Notes for the implementer

  • The partial run is a real audit record, not a degraded one. The whole point of Gap #4 is that the chain captures evidence of "we tried, the cap fired, here's what we got." Promotion is the next decision, not the audit's.
  • Cooperative cancellation matters: workers must await proc.wait() after proc.kill() on cancellation, or the test suite leaks zombie subprocesses on macOS (a known annoying failure mode). The "no stranded tempdirs" test is the structural guard.
  • Do not raise on cost cap. Raising would skip the audit append and lose the evidence. Returning the partial report is the contract.
  • The sut.cancelled code is part of the taxonomy (arch §Failure modes table + ADR-0004 §Consequences list).

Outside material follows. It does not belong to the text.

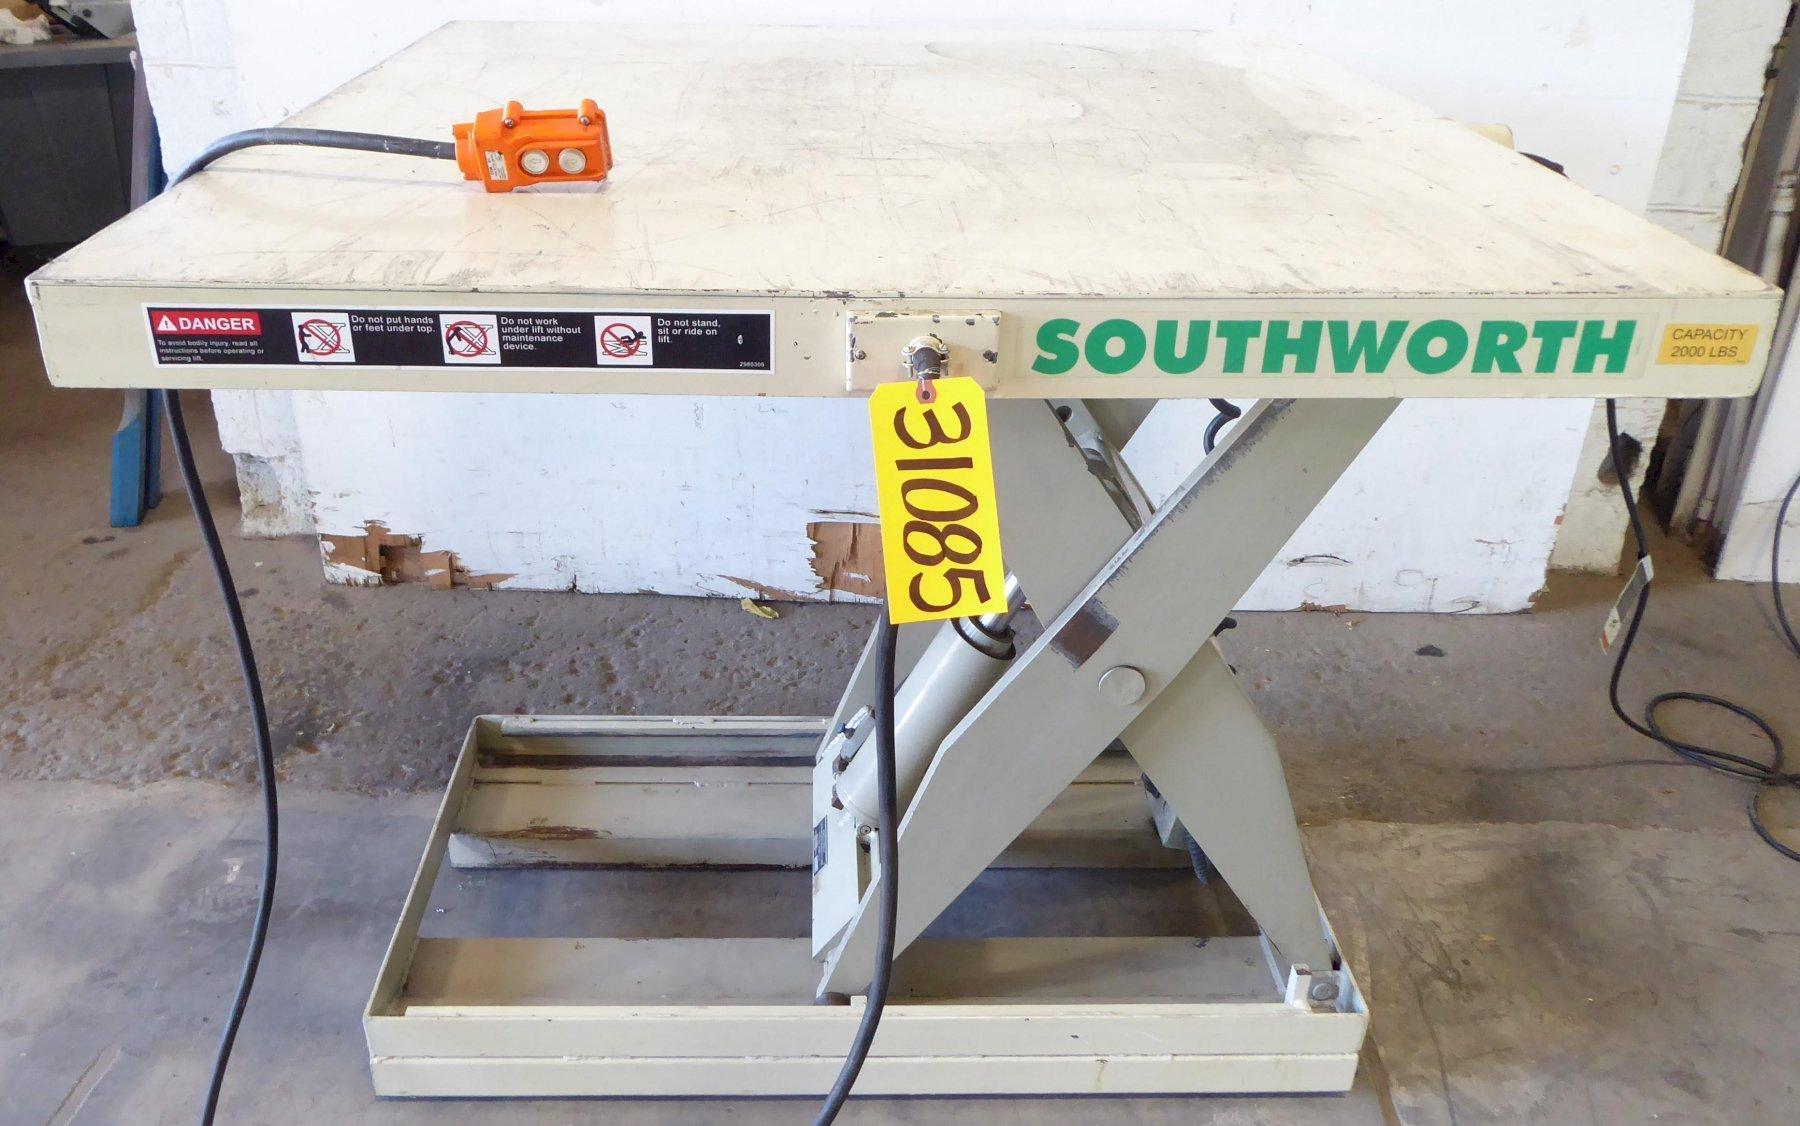 2000 Lb. SOUTHWORTH Lift Table, 48″ x 48″ Platform, 10″ Lowered, 46″ Raised, 1 Phase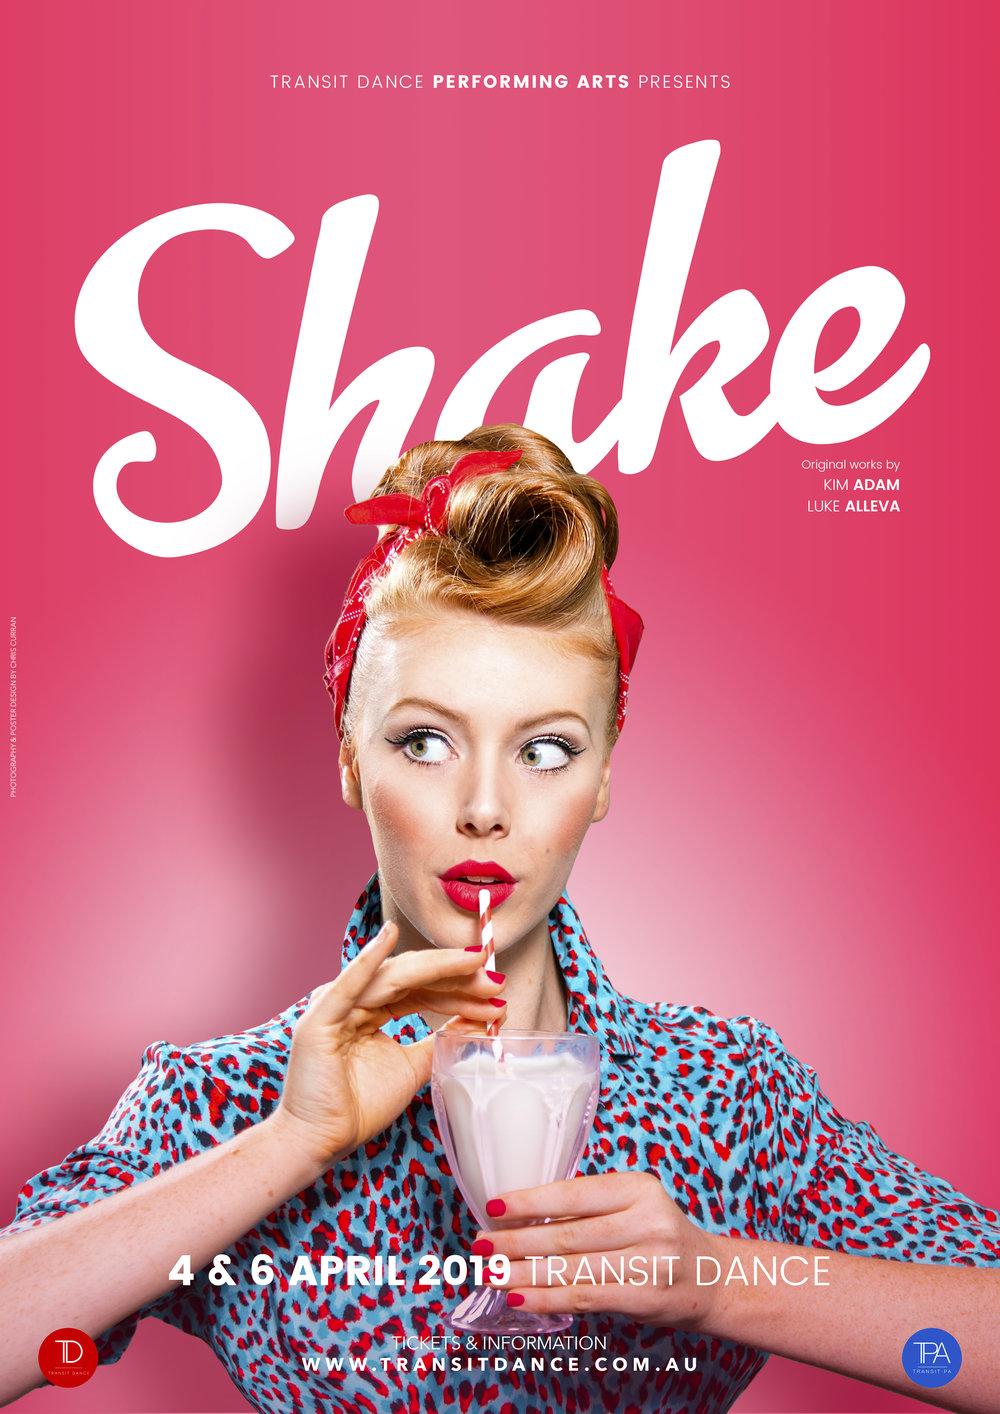 Shake poster a3.jpg

Ensure bench/vuln-remediation/failure_modes.yaml and bench/migration-chainguard-distroless/failure_modes.yaml declare it with severity: block — flag this for S5-01 / S6-01 if missing.
  • The 80%-of-cap warning is a curator-UX nicety. Don't skip it — the alternative is operators getting bitten by a silent cap-firing on case 9 of 10. Use a single-fire guard (if not warned_at_80 and running_total >= 0.8 * max_cost_usd:).
  • original_run_id is for forensic chain-walking ("which complete run did this partial run shadow?"). Setting it None on complete runs keeps the field's presence informative.
  • The "no silent drops" guarantee (len(per_case) == n_cases) is what makes the audit chain useful for Phase 13: a partial run with three cases finished and two cancelled tells a different story from a complete run with three cases. Without the synthetic cancelled scores, the chain would look like a complete-3-case run.